■ **TASK**
Without including any pictures, reproduce the full listing exactly.

■ **SUPPLIED DATA**
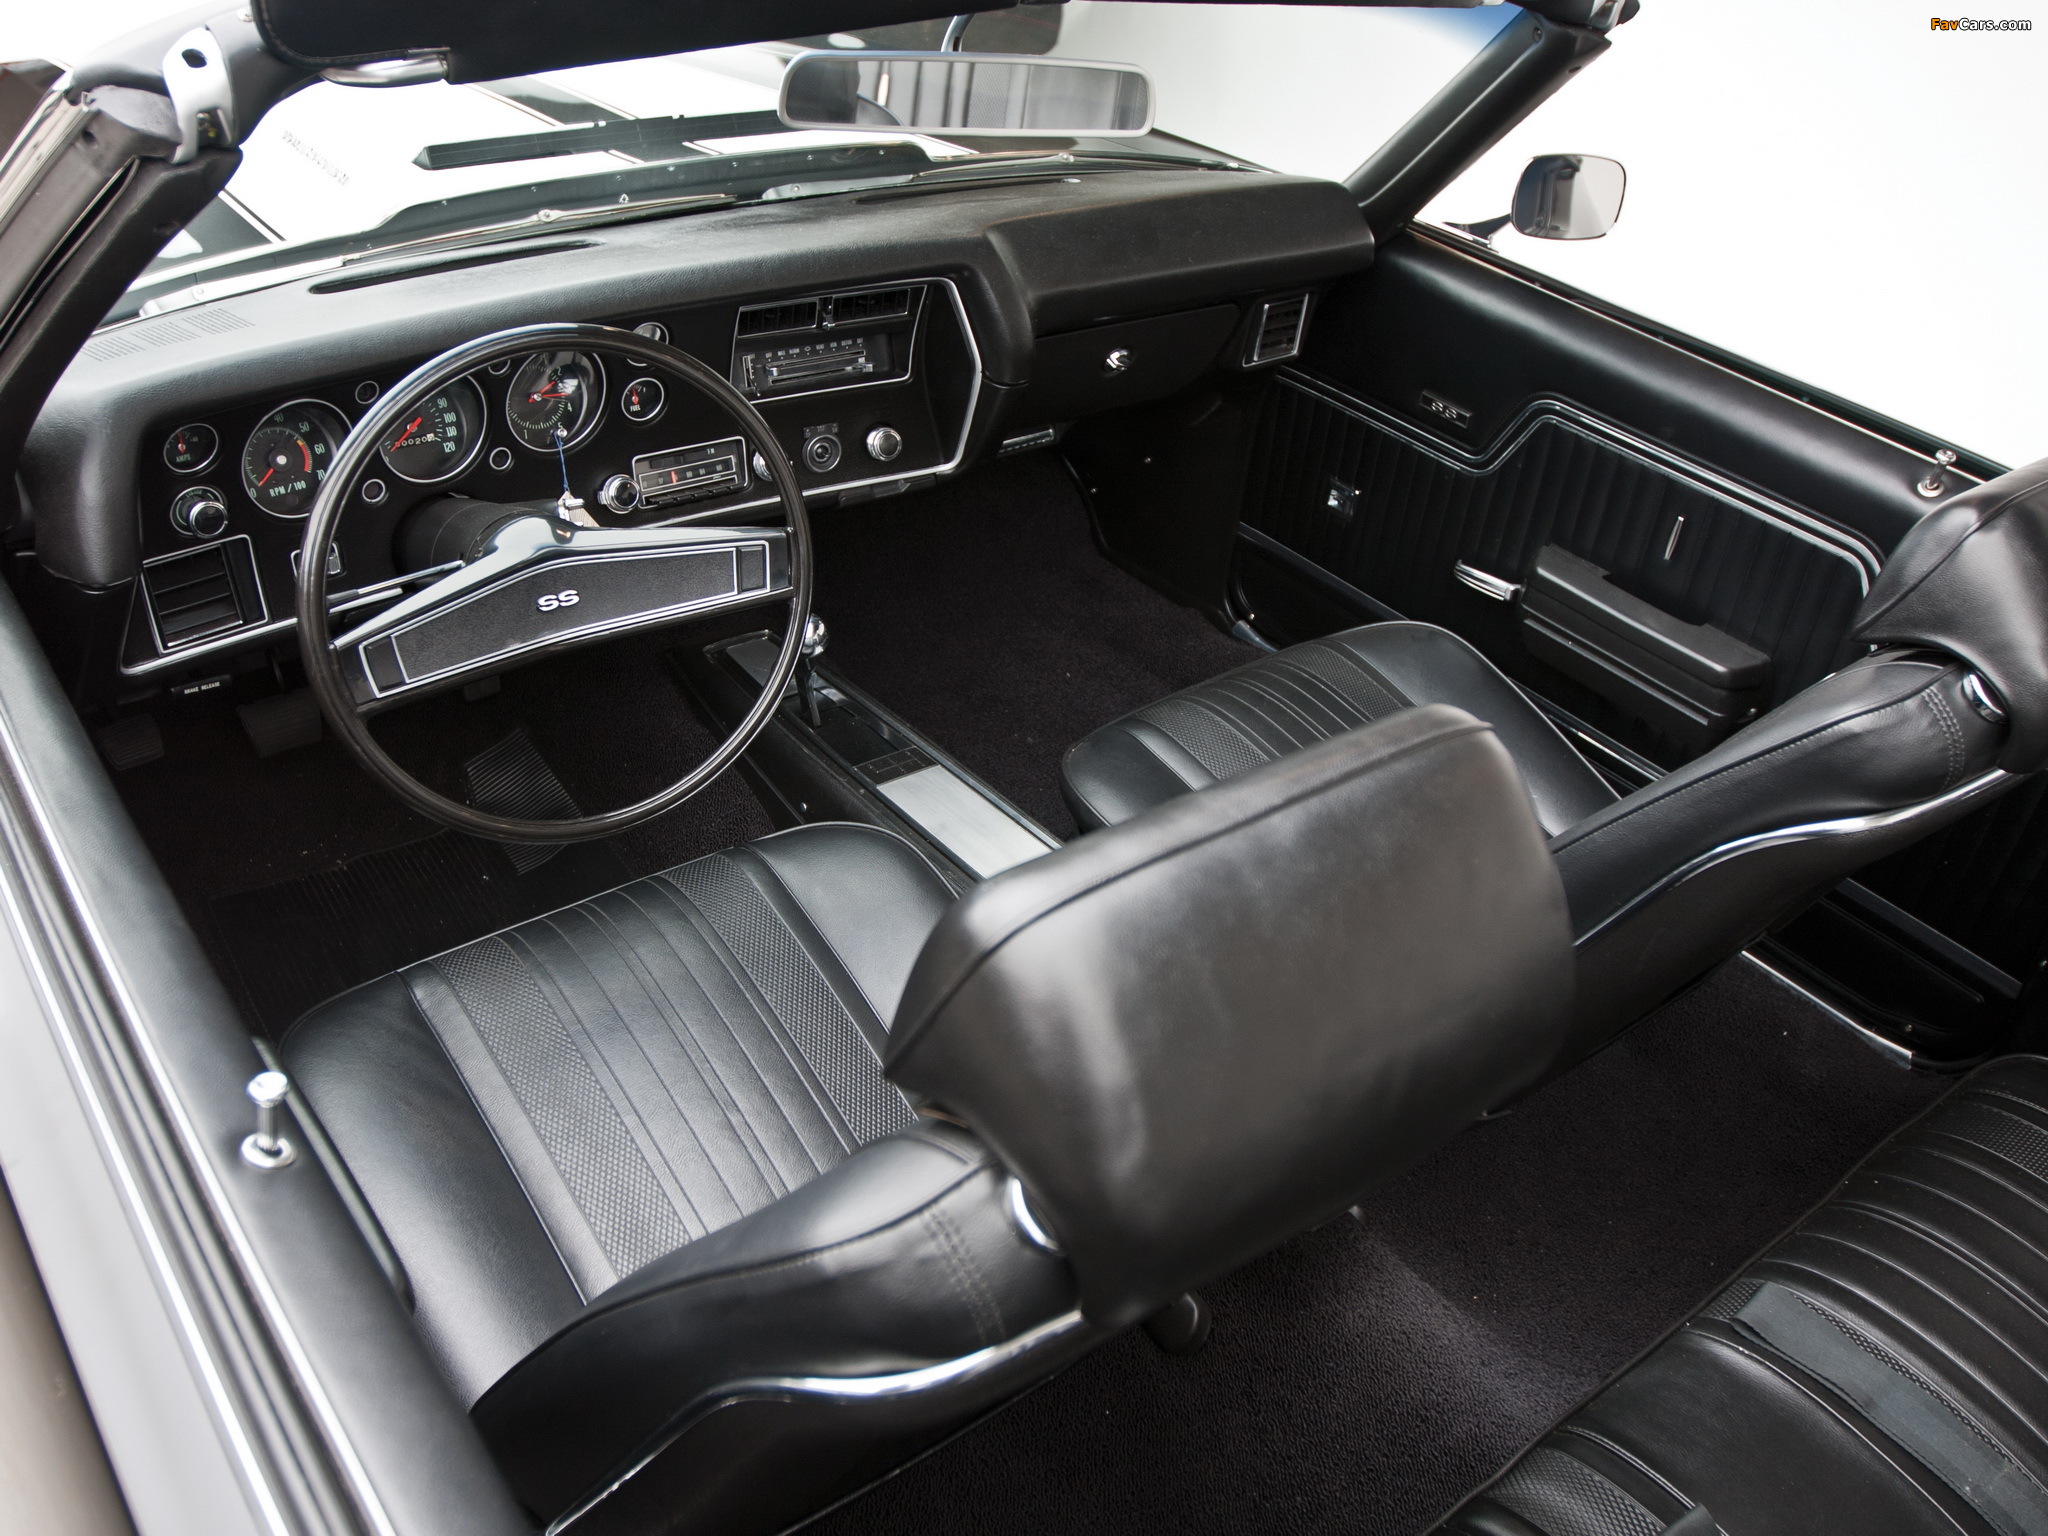 Chevrolet Chevelle SS 396 Hardtop Coupe 1970 photos (2048 x 1536)
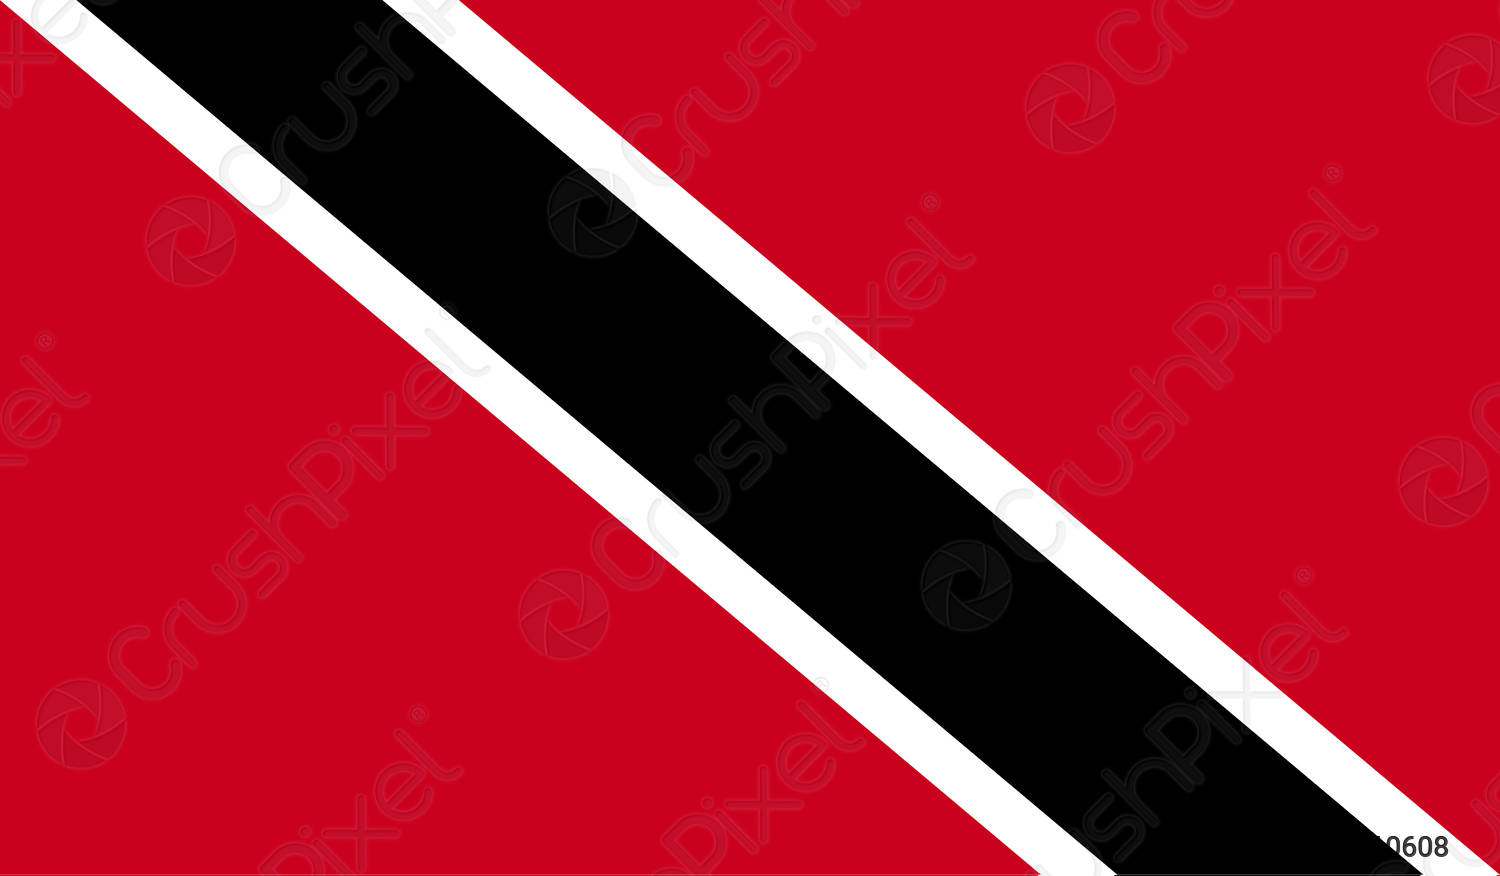 trinidad-tobago-flag-image-3210608.jpg
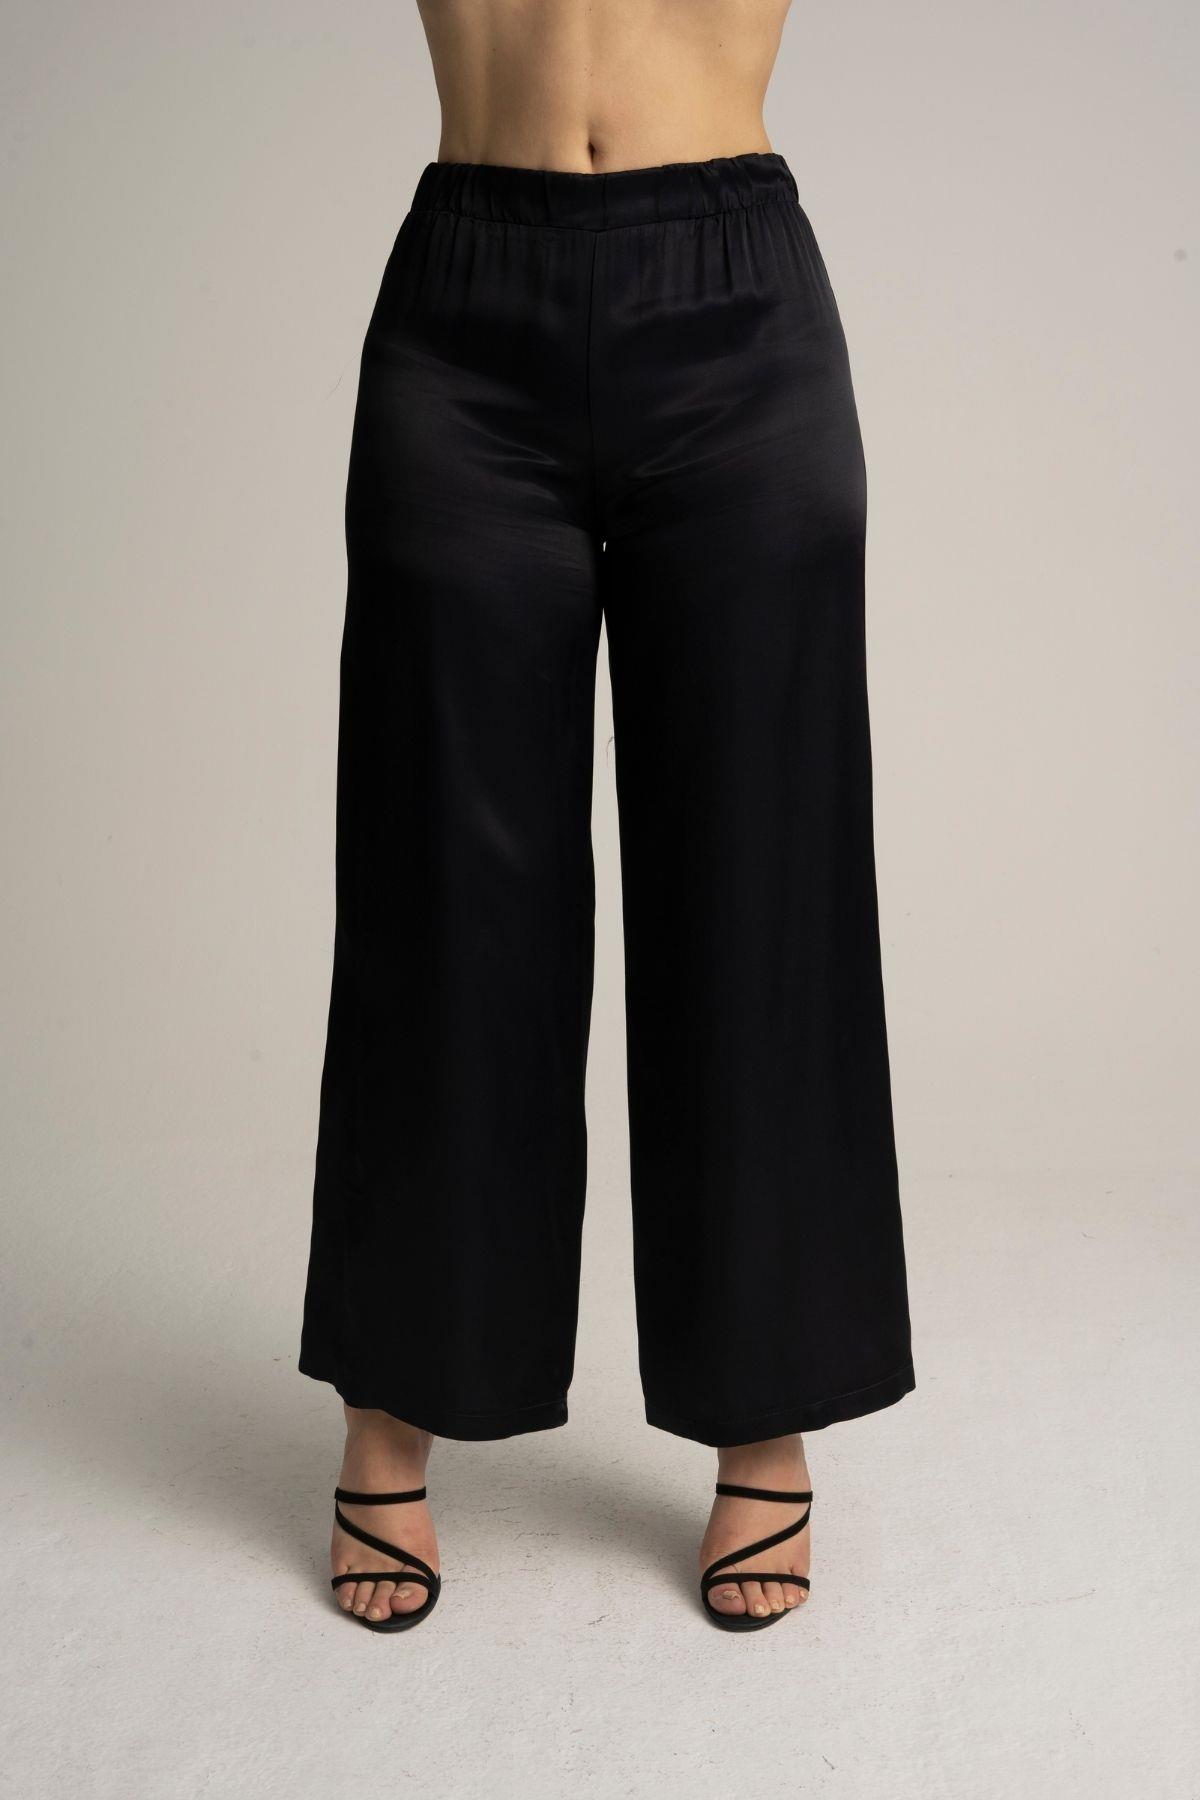 Kadın Büyük Beden Siyah Renk Saten Bol Paça Pantolon

■ **EXERCISE OUTPUT**
 Chevrolet Chevelle SS 396 Hardtop Coupe 1970 photos (2048 x 1536)
 trinidad-tobago-flag-image-3210608.jpg
 Kadın Büyük Beden Siyah Renk Saten Bol Paça Pantolon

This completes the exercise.